Start of Input

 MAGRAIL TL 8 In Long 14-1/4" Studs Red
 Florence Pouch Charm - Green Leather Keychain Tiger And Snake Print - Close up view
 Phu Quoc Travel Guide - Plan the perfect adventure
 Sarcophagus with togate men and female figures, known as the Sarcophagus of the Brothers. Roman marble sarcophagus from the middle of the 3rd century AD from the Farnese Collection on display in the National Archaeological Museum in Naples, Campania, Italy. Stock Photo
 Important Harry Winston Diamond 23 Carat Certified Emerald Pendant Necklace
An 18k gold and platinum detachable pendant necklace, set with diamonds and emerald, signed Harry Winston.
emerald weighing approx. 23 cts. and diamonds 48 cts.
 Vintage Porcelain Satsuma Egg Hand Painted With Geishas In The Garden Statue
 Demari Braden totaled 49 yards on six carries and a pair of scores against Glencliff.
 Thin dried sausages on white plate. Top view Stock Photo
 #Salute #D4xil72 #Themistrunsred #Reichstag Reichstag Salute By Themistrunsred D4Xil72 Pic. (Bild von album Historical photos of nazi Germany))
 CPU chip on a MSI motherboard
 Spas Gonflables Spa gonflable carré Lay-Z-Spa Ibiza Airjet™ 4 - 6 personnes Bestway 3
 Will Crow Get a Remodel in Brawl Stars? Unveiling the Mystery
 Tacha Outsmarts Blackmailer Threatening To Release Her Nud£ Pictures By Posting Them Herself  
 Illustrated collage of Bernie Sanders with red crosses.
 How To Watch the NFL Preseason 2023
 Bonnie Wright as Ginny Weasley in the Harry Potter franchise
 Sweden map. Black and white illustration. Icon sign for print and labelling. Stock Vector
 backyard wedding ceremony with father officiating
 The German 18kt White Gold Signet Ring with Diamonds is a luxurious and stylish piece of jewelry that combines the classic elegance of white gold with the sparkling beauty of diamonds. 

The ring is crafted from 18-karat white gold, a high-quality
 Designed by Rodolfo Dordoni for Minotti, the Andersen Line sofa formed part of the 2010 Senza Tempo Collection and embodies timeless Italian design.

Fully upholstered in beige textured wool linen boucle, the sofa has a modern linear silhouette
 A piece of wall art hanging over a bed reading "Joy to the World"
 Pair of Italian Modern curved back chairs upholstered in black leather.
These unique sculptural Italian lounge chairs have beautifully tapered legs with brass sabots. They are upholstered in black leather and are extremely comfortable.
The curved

End of Input

| Task |
Copy all lines from the data that hold the word "Italian".

| Finished exercise |
 Designed by Rodolfo Dordoni for Minotti, the Andersen Line sofa formed part of the 2010 Senza Tempo Collection and embodies timeless Italian design.
 Pair of Italian Modern curved back chairs upholstered in black leather.
These unique sculptural Italian lounge chairs have beautifully tapered legs with brass sabots. They are upholstered in black leather and are extremely comfortable.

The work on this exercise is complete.